I think a few days to a week is a good gauge to calling back. If she is so interested herself, she’ll have the ovaries to call you and beat you to the punch. But in general, I would say its much less likely you’re going to miss an opportunity by waiting too long (in the span of a week at least) vs calling too soon/too frequently.

Your post got my attention because I’ve done this exact blunder, and kind of felt embarassed when I realized the person was simply avoiding me, but just too polite to say, “My date with you was too mediocre to consider seeing you again.” now that I understand it, I actually don’t see it so much as rude but saving face. Honestly in most online dating situations I don’t know the woman from Eve given I may have contacted her, chatted a bit, talked a few times on the phone, then met in person, within the span of a week. Should I get hurt/offended that someone I barely know is blowing me off? hell no, especially if there are other women out there much more eager to share my company :smiley:

I don’t think you scared her off. I think she just wasn’t into you in the beginning. If I went on a date with a guy and I felt like we hit it off, I would be thrilled that he texted me the next day. If she doesn’t return your call or messages past the first or at the very most the second attempt on your part, it’s time to move on.

Bold added.

Except for the first sentence I agree with all of this. Maybe she wasn’t that into him, but I think probably he’d have had another shot had he taken his foot off the gas a little bit and obeyed the speed limit. Maybe a guy doesn’t blow you away the first date, but calls you the next weekend and you happen to not have any plans. You’d probably go out with him again just for the hell of it, wouldn’t you? But what if he’d been texting and calling you at work all week? The odds of a second date just dropped to zilch, right? That’s all I’m saying.

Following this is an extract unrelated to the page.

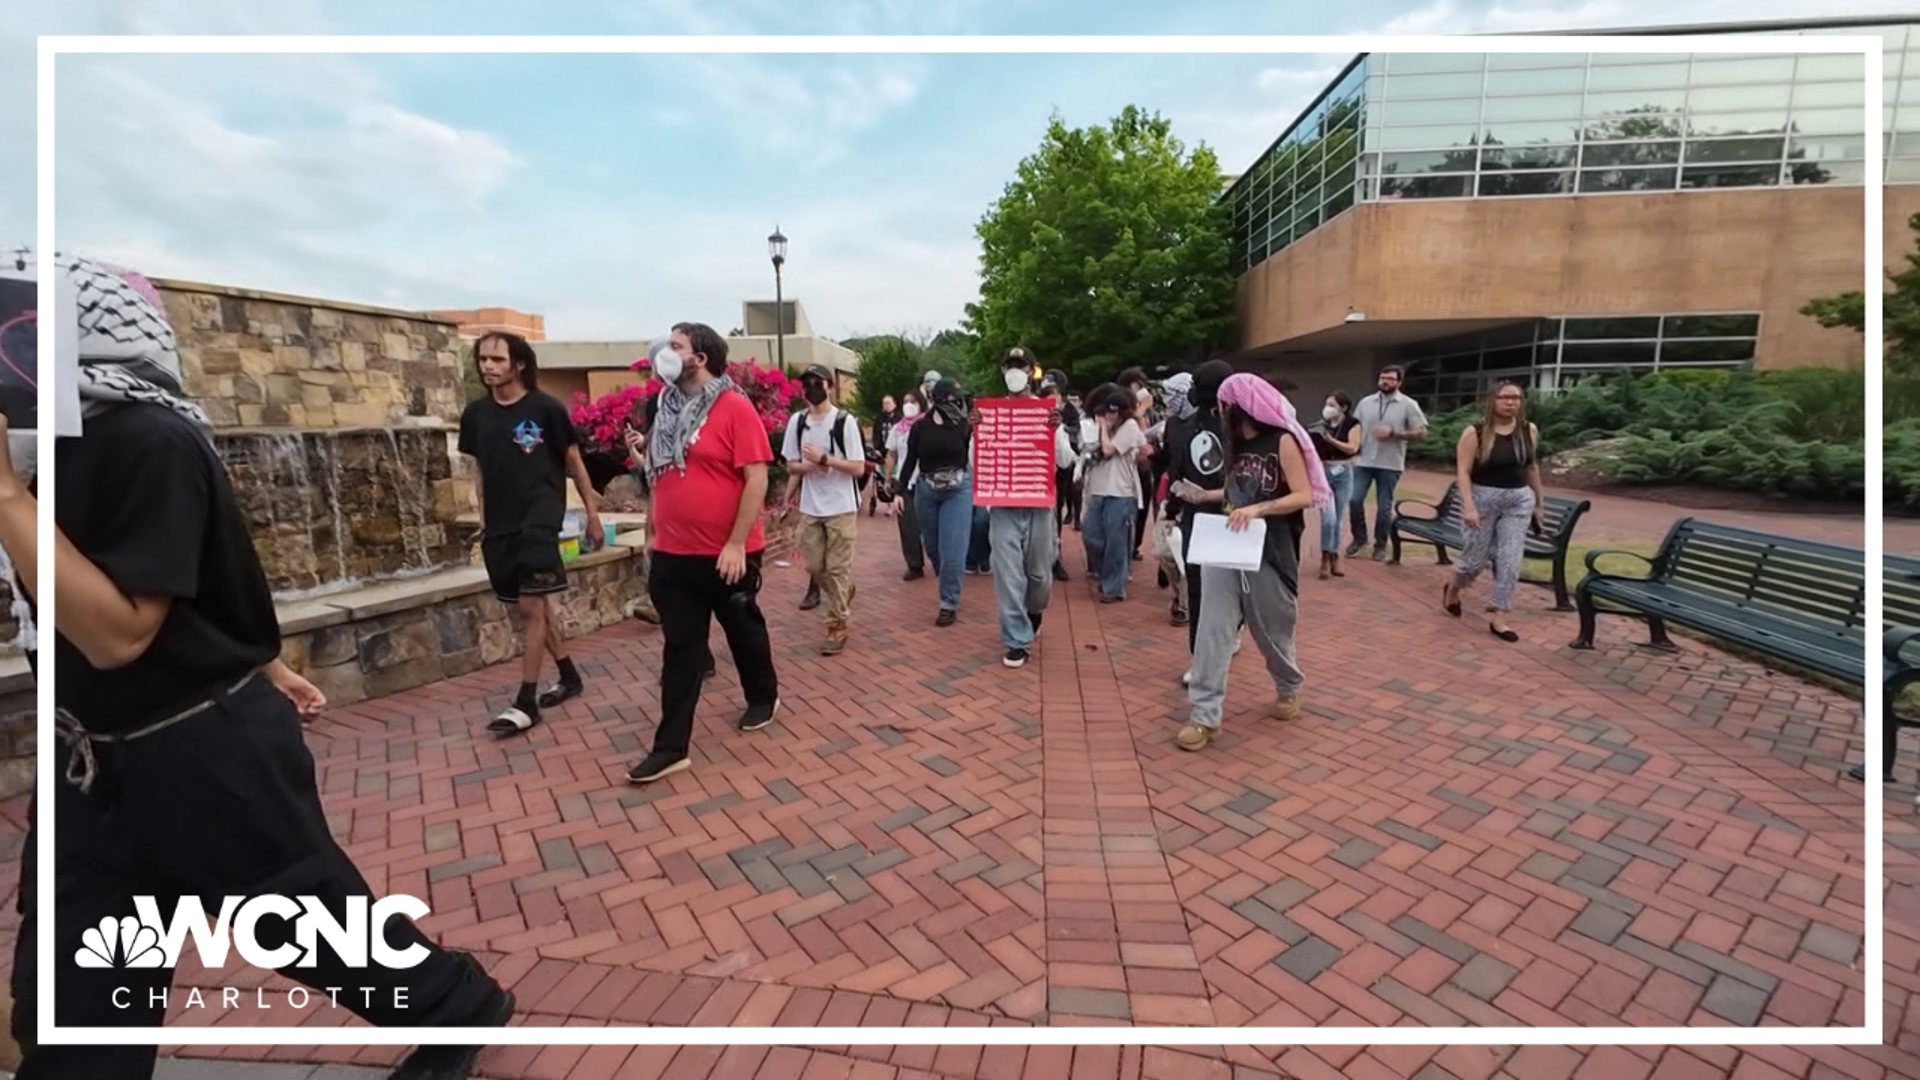 One person was arrested when a pro-Palestine encampment at UNC Charlotte was removed on Tuesday, university officials confirmed.

Thanks for the great replies everyone.

Yep. Another person’s caring is another one’s clingy. Text messages are easy to send and easy to reply to. It’s not like I was serenading under her window or something. Answering a text message doesn’t take that much effort, so not answering one feels much ruder than just telling someone to bugger off.

I think some people misunderstood this bit. I wasn’t calling her work phone, having somehow stalkerishly obtained the number. I called her own cellphone while she was at work.

I definitely have figured that out by now. If she changes her mind for whatever reason, she still has my number. But I’ll be moving on.